PROBLEM TO SOLVE
For the records below, output word for word the lines from the one with "close up of" up to and including the one with "May Annex Auction". No pictures.

───── EXERCISE INPUT

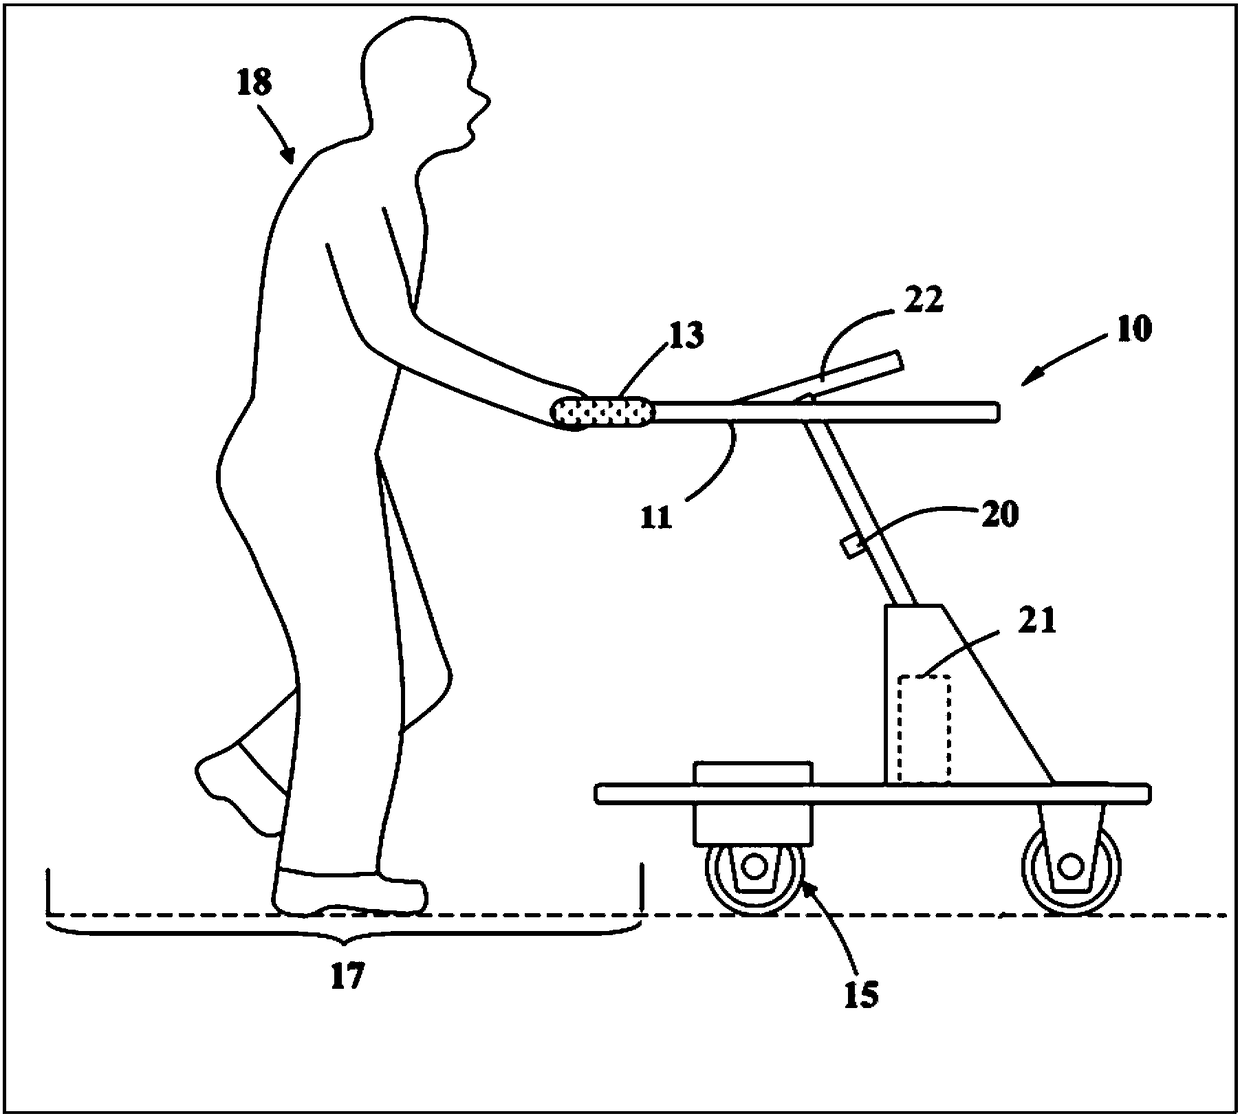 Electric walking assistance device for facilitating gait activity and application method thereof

──────────
───── EXERCISE INPUT

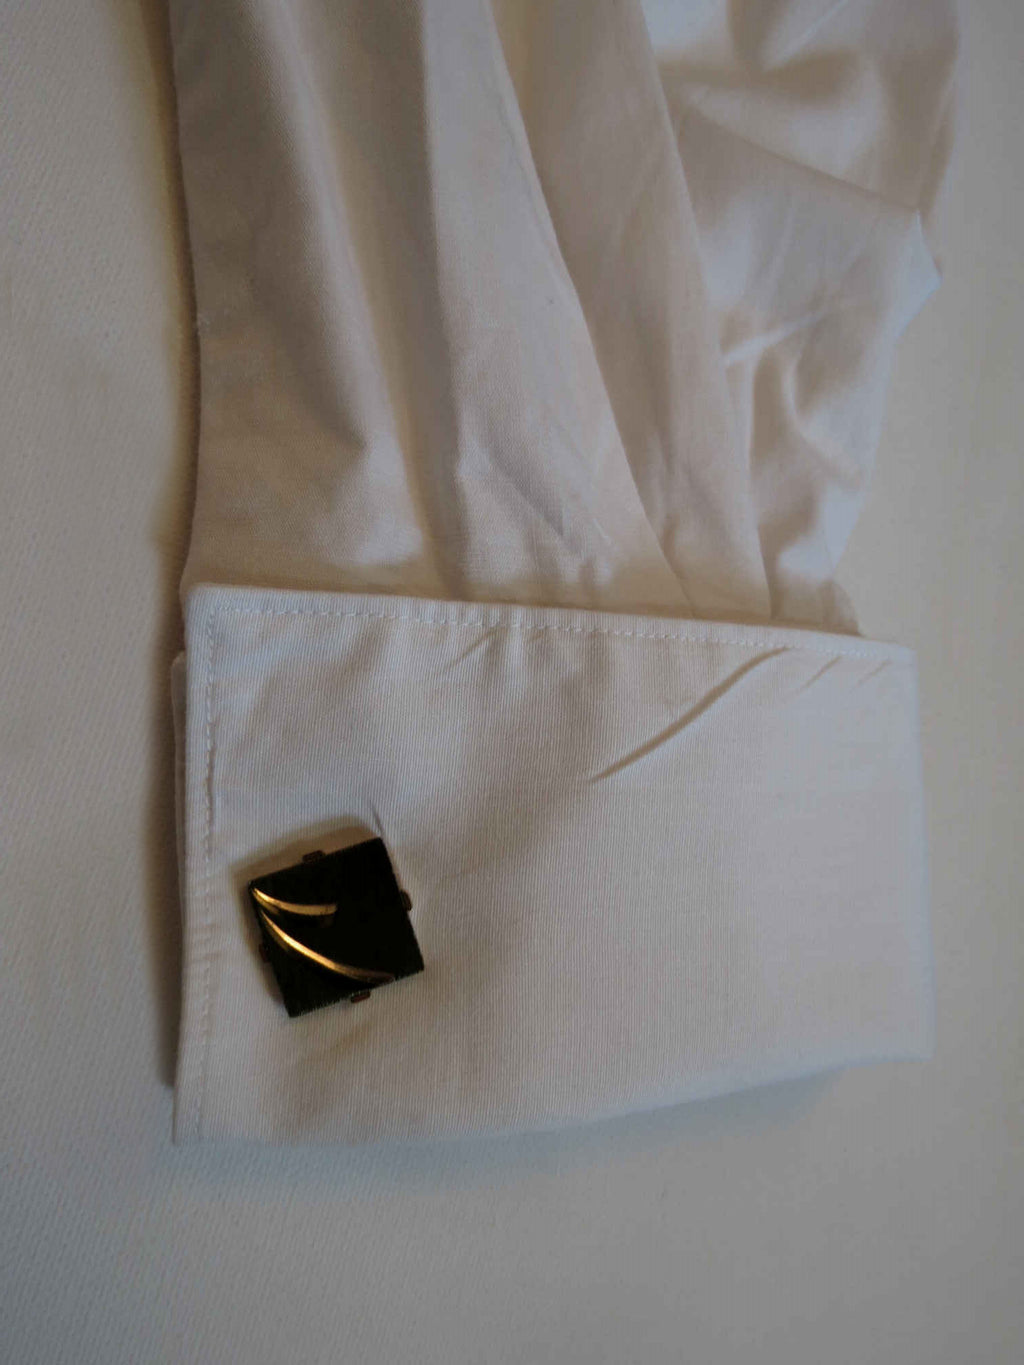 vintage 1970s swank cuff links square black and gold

──────────
───── EXERCISE INPUT

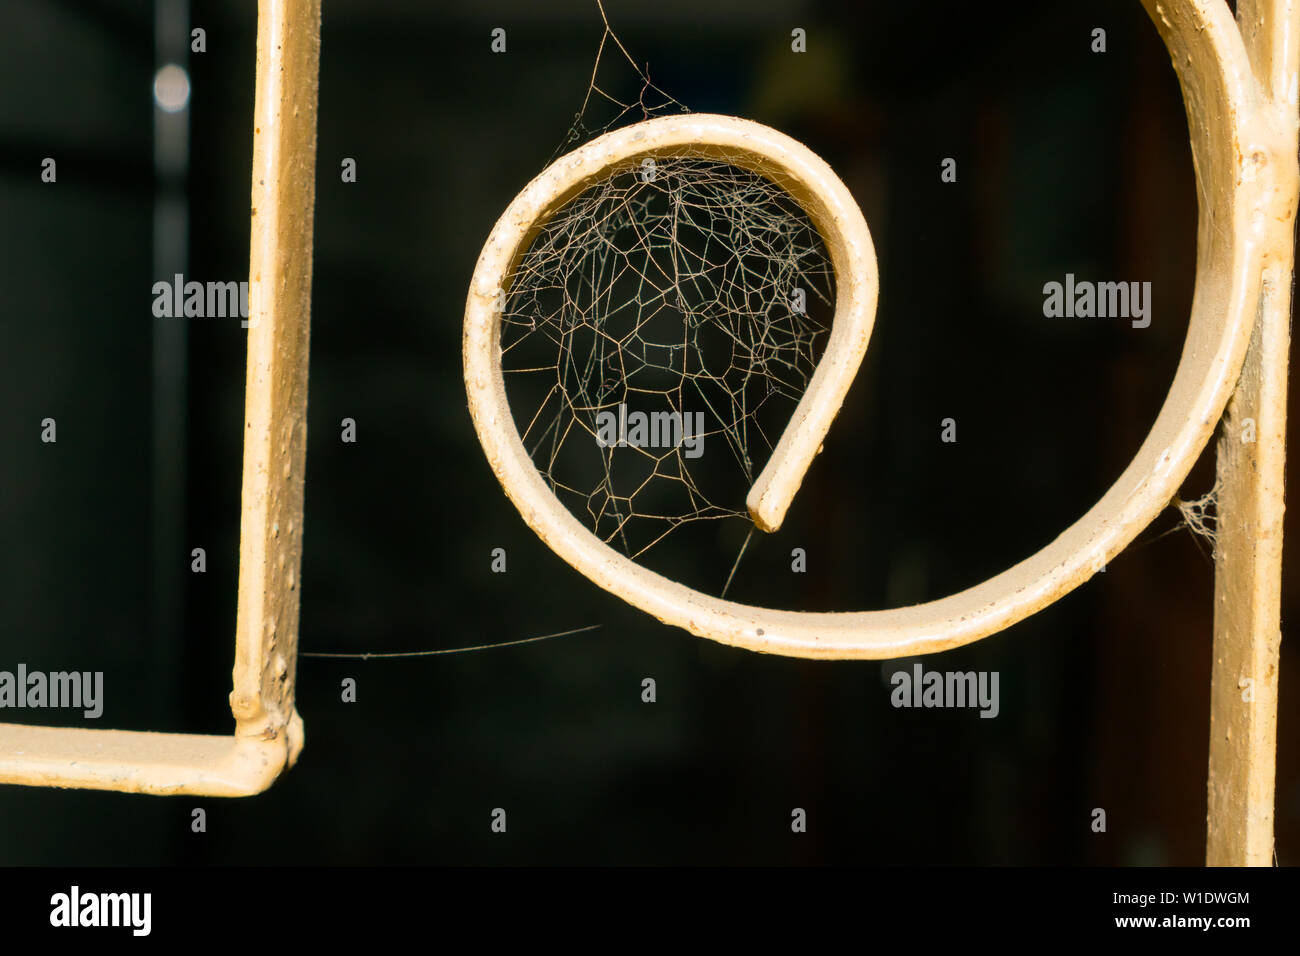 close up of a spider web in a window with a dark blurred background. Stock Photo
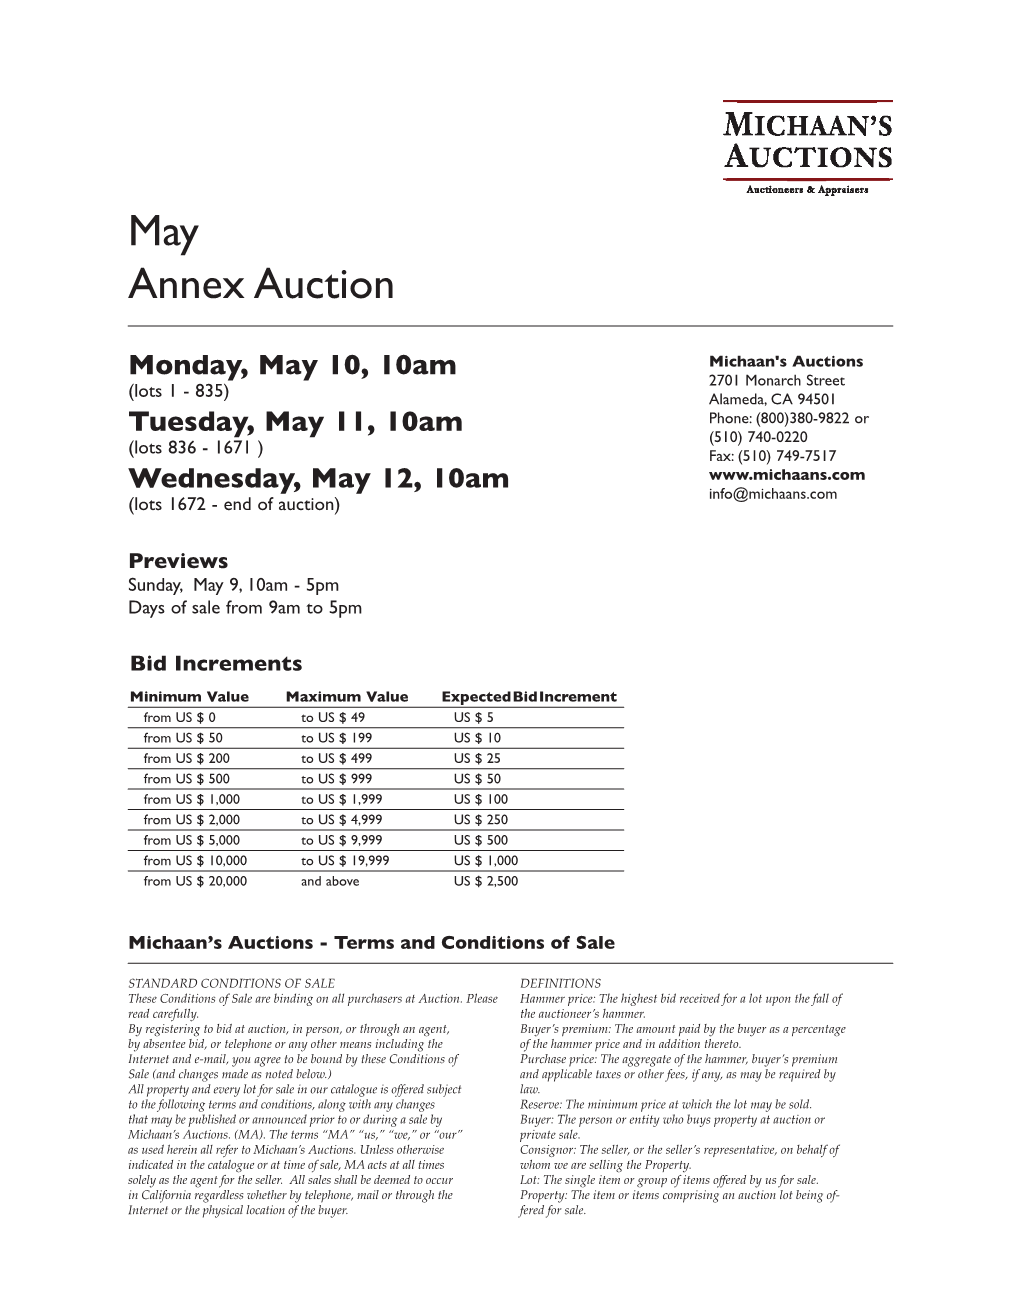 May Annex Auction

──────────

TASK RESULT
 close up of a spider web in a window with a dark blurred background. Stock Photo
 May Annex Auction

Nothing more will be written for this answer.